Grounding Internet theory.
by Hudson, Dale
Afterimage • Nov-Dec, 2006 • Who Controls the Internet?: Illusions of a Borderless
World
WHO CONTROLS THE INTERNET?: ILLUSIONS OF A BORDERLESS WORLD
BY JACK GOLDSMITH AND TIM WU
OXFORD AND NEW YORK: OXFORD UNIVERSITY PRESS, 2006
226 PP./$28.00 (HB)
Who Controls the Internet?: Illusions of a Borderless World
challenges sentimental assumptions about communication technologies by
investigating the continued relevance of geography and governmental
coercion on global communication technologies, the splitting apart of
the Internet to meet local conditions, and the underappreciated virtues
of a geographically bordered Internet. Jack Goldsmith and Tim Wu,
professors of law at Harvard and Columbia universities respectively,
begin Who Controls the Internet? with an epigraph extolling the
immediacy and effortlessness of telegraph communications, which,
according to nineteenth-century sentimentalism, practically obliterated
political geography and made free trade universal. A century later, they
point out, twentieth-century sentimentalism invested the Internet with
comparable possibilities. Scholarship, journalism, and publicity
materials theorized the new medium "as the leading edge of a new
globalization that was eroding the authority and relevance of national
governments" and marked its arrival "to herald a new way of
ordering human affairs that would free us forever from the tyranny of
territorial rule" (vii). Much as nineteenth-century cosmopolites
had been, twentieth-century Internet users were envisioned as free from
the constraints of ordinary nation-bound life.

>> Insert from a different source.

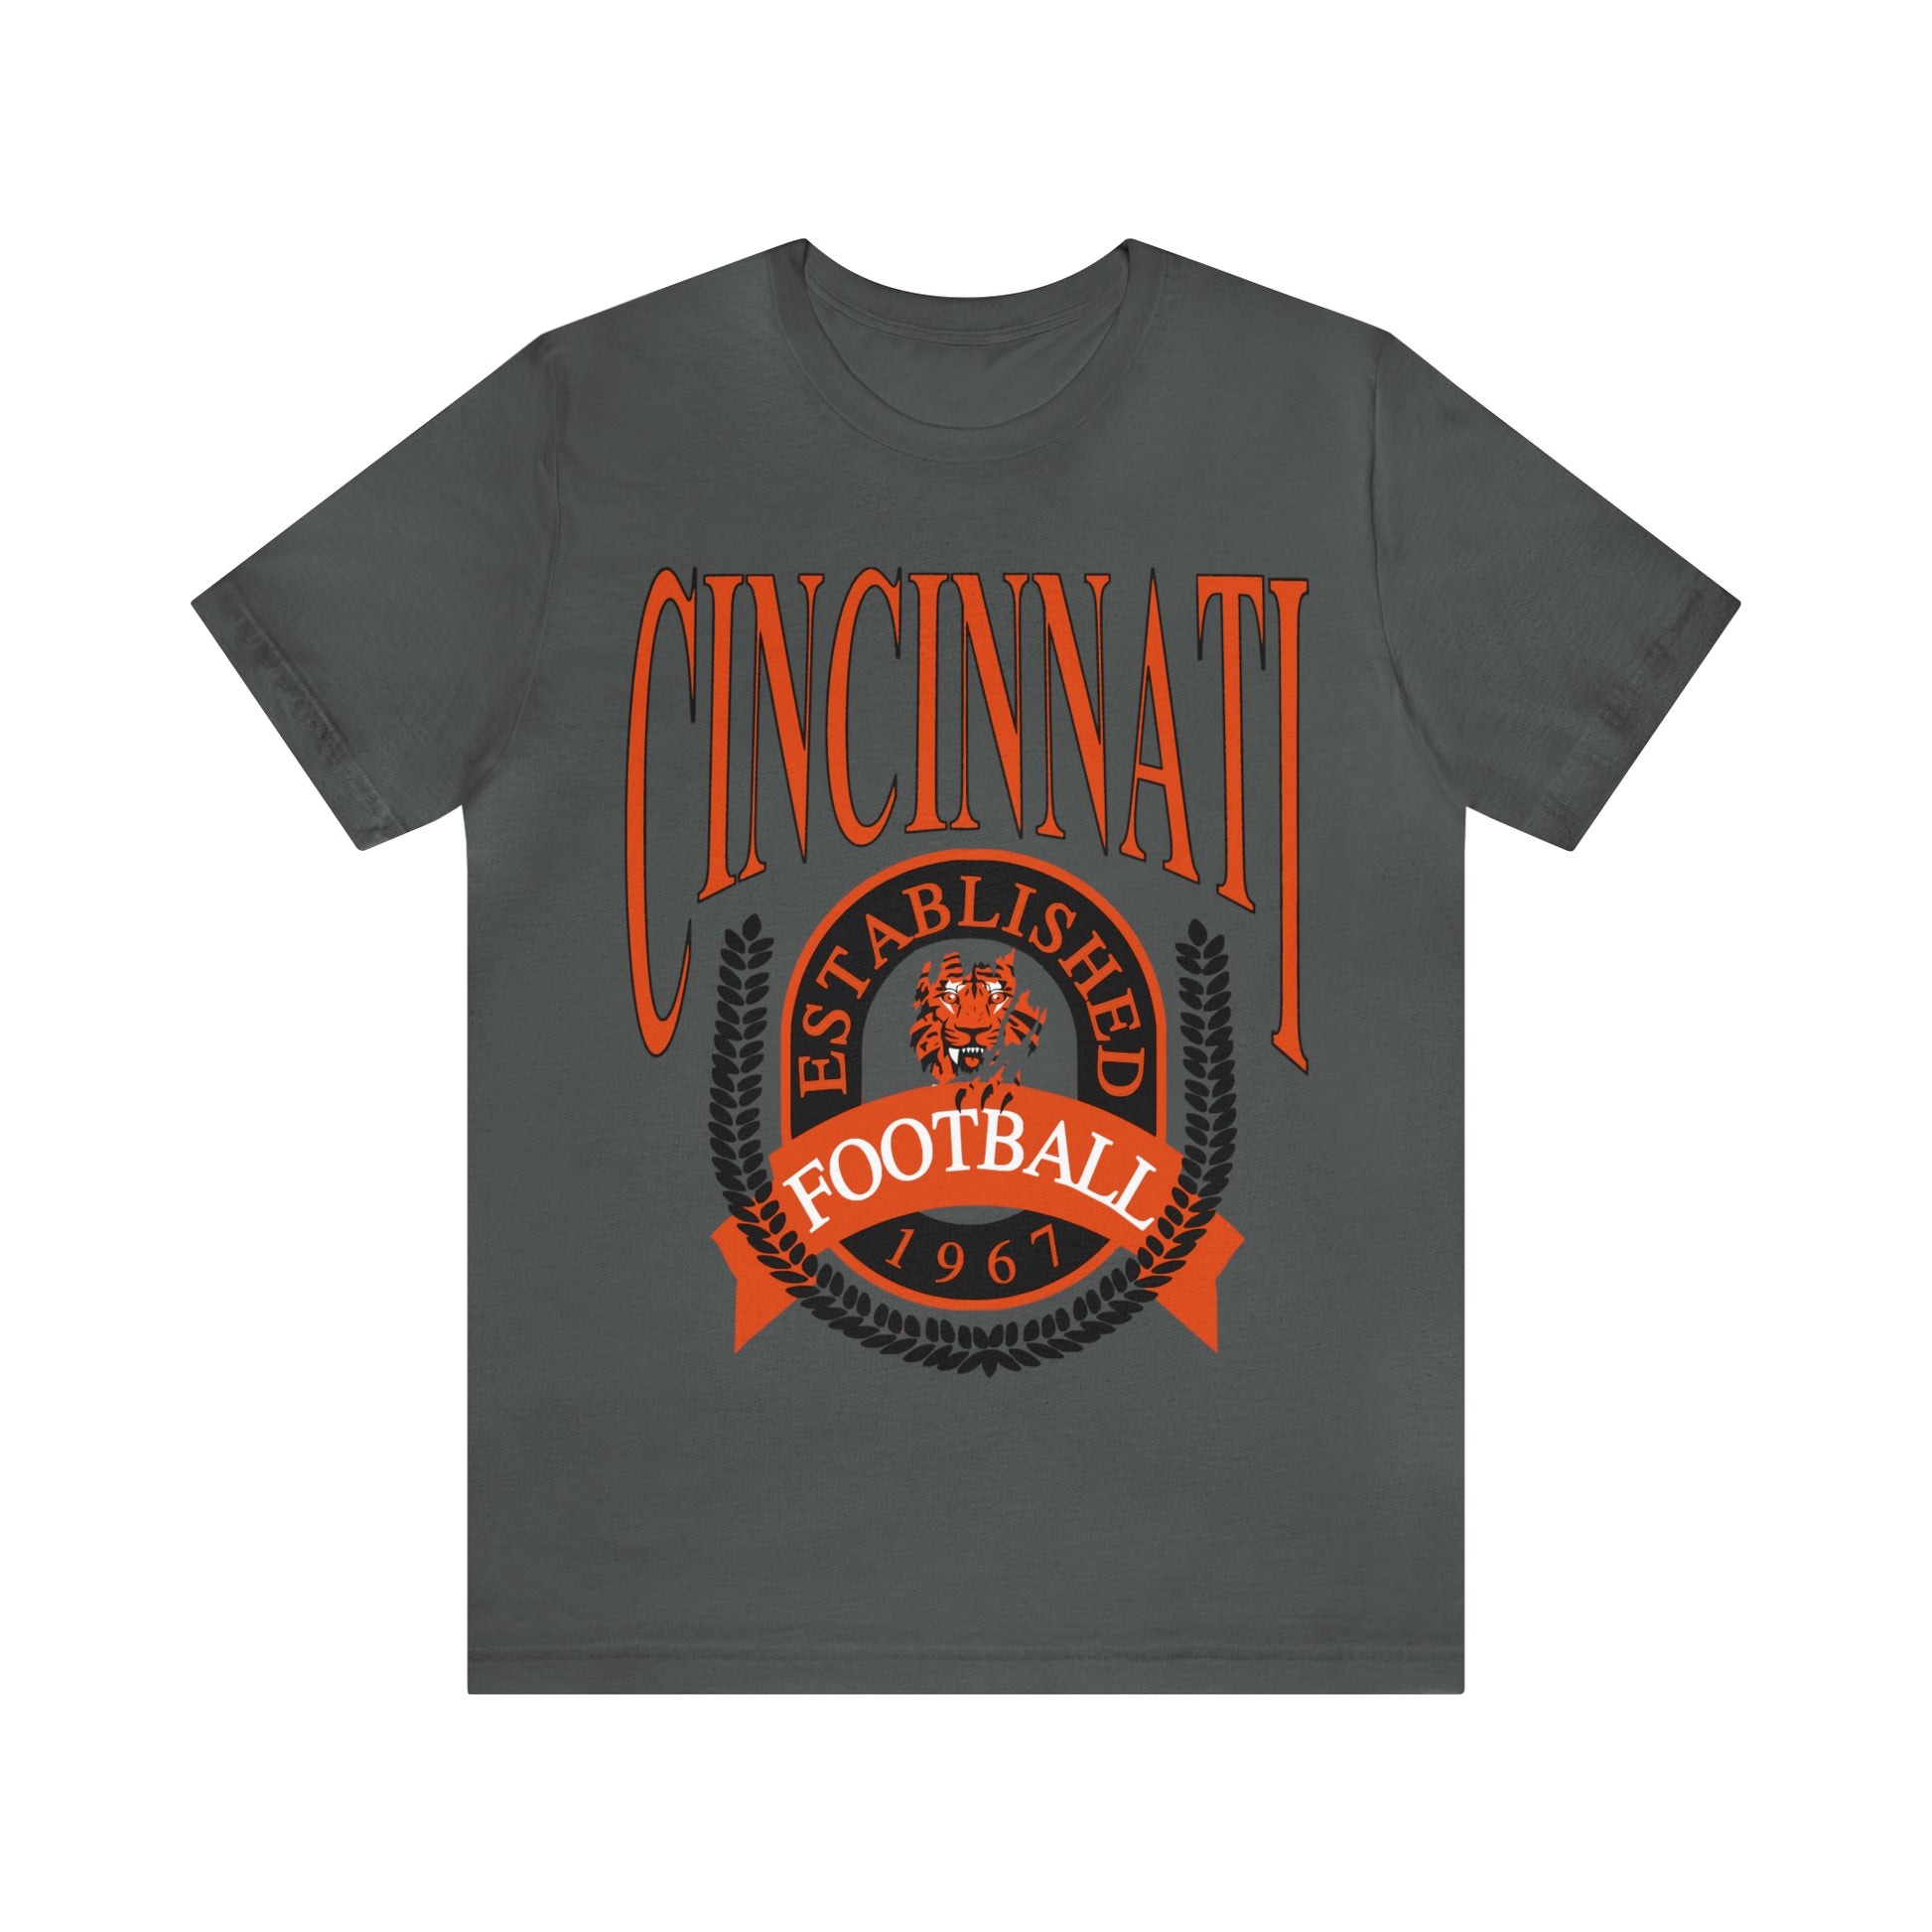 Cincinnati Bengals T-Shirt - Vintage Short Sleeve Bengals Tee - NFL Football Oversized Unisex, Men's & Women's Apparel - Design 1 gray

Contours of debates about control over the Internet are defined by
two different responses by United States-based Internet service
providers (ISPs) to pressures originating in France to remove content
considered illegal under French law. In 1998, America Online (AOL)
closed its customers' neo-Nazi sites in what Goldsmith and Wu
describe as an atypical response by an ISP to foreign law. AOL argues
that the decision partially reflects the location of their headquarters
in the suburbs of Washington, D.C., where businesses are savvy about the
politics of public relations. By contrast, Silicon Valley-based Yahoo!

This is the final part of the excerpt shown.